躁动是常见的、持续的,并与阿尔茨海默病患者的不良后果相关。药物治疗选择,包括抗精神病药,并不令人满意。
主要目的是评估西酞普兰治疗阿尔茨海默病患者躁动的疗效。主要次要目标考察了西酞普兰对功能、照料者痛苦、安全性、认知安全性和耐受性的影响。
设计、地点和参与者:西酞普兰治疗阿尔茨海默病躁动研究(CitAD)是一项随机、安慰剂对照、双盲、平行组试验,在美国和加拿大的 8 个学术中心招募了 186 名患有可能的阿尔茨海默病和临床显著躁动的患者,从 2009 年 8 月至 2013 年 1 月入组。
参与者(n=186)被随机分配接受心理社会干预加西酞普兰(n=94)或安慰剂(n=92)治疗 9 周。起始剂量为 10mg/天,根据反应和耐受性计划在 3 周内滴定至 30mg/天。
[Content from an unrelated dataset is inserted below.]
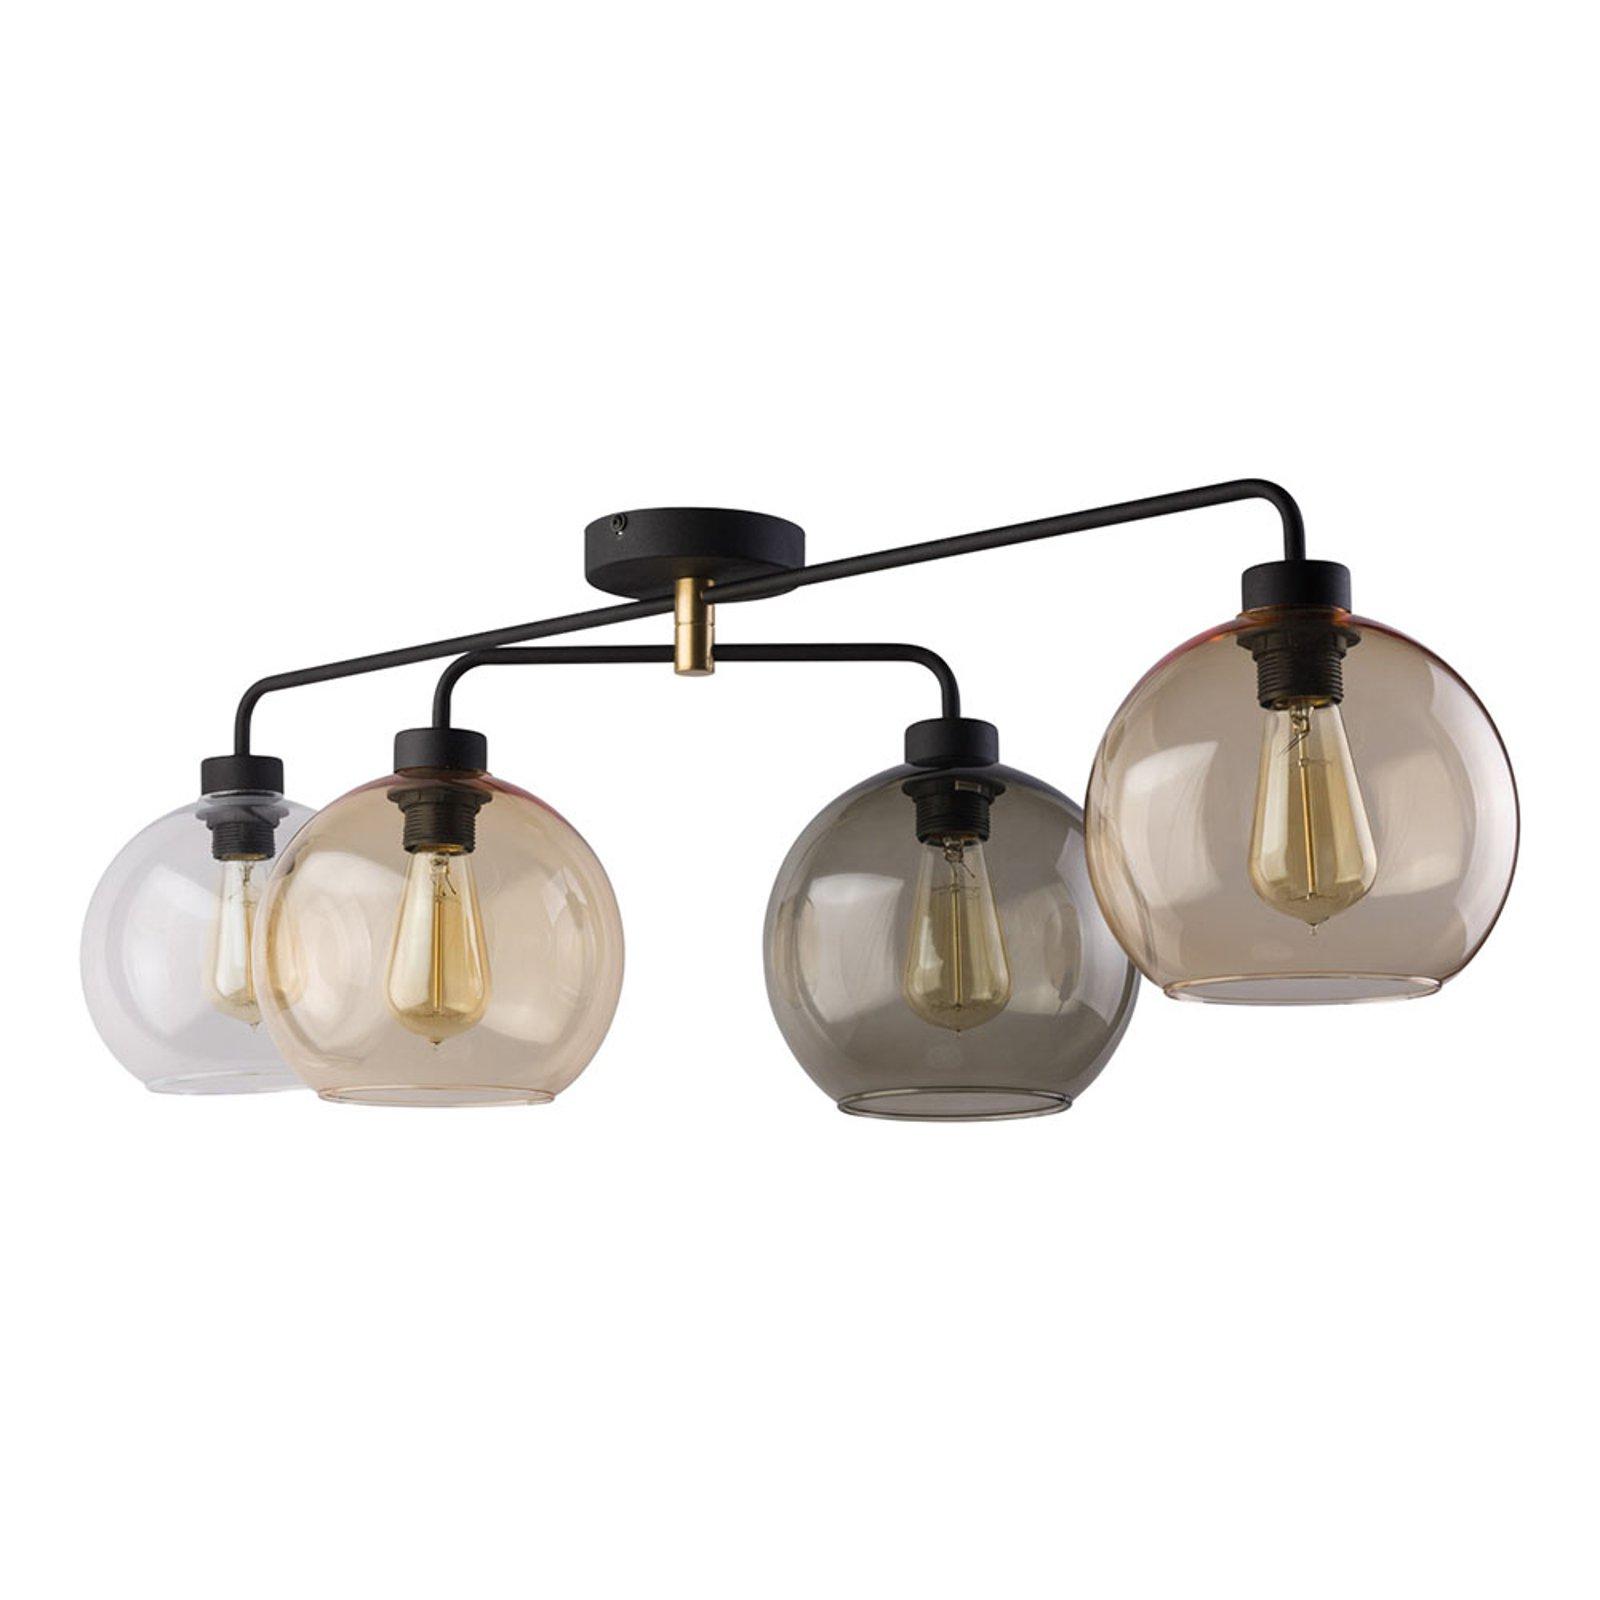 Taklampe Cubus 4 lyskilder klar/bernstein/grå

主要结局指标基于 18 点神经行为评定量表(NBRS-A)和改良阿尔茨海默病合作研究-临床总体印象变化(mADCS-CGIC)的激动亚量表评分。其他结局指标基于 Cohen-Mansfield 激动量表(CMAI)和神经精神病学问卷(NPI)评分、完成日常生活活动(ADLs)的能力、照料者痛苦、认知安全性(基于 30 分简易精神状态检查[MMSE]评分)和不良事件。
与接受安慰剂的患者相比,接受西酞普兰治疗的患者在两项主要结局指标上均有显著改善。第 9 周时 NBRS-A 估计的治疗差异(西酞普兰减去安慰剂)为-0.93(95%CI,-1.80 至 -0.06),P=0.04。mADCS-CGIC 的结果显示,40%的西酞普兰治疗患者从基线开始有中度或明显改善,而安慰剂组为 26%,治疗效果估计(优势比[OR]处于或优于特定 CGIC 类别)为 2.13(95%CI,1.23-3.69),P=0.01。接受西酞普兰治疗的患者在 CMAI、总 NPI 和照料者痛苦评分上有显著改善,但在 NPI 激动亚量表、ADLs 或更少使用劳拉西泮解救方面没有改善。认知恶化(-1.05 分;95%CI,-1.97 至 -0.13;P=0.03)和 QT 间期延长(18.1ms;95%CI,6.1-30.1;P=0.01)在西酞普兰组中观察到。
在接受心理社会干预的可能患有阿尔茨海默病和躁动的患者中,与安慰剂相比,西酞普兰的添加可显著减少躁动和照料者痛苦;然而,西酞普兰的认知和心脏不良反应可能限制其在 30mg/天的剂量下的实际应用。
clinicaltrials.gov 标识符:NCT00898807。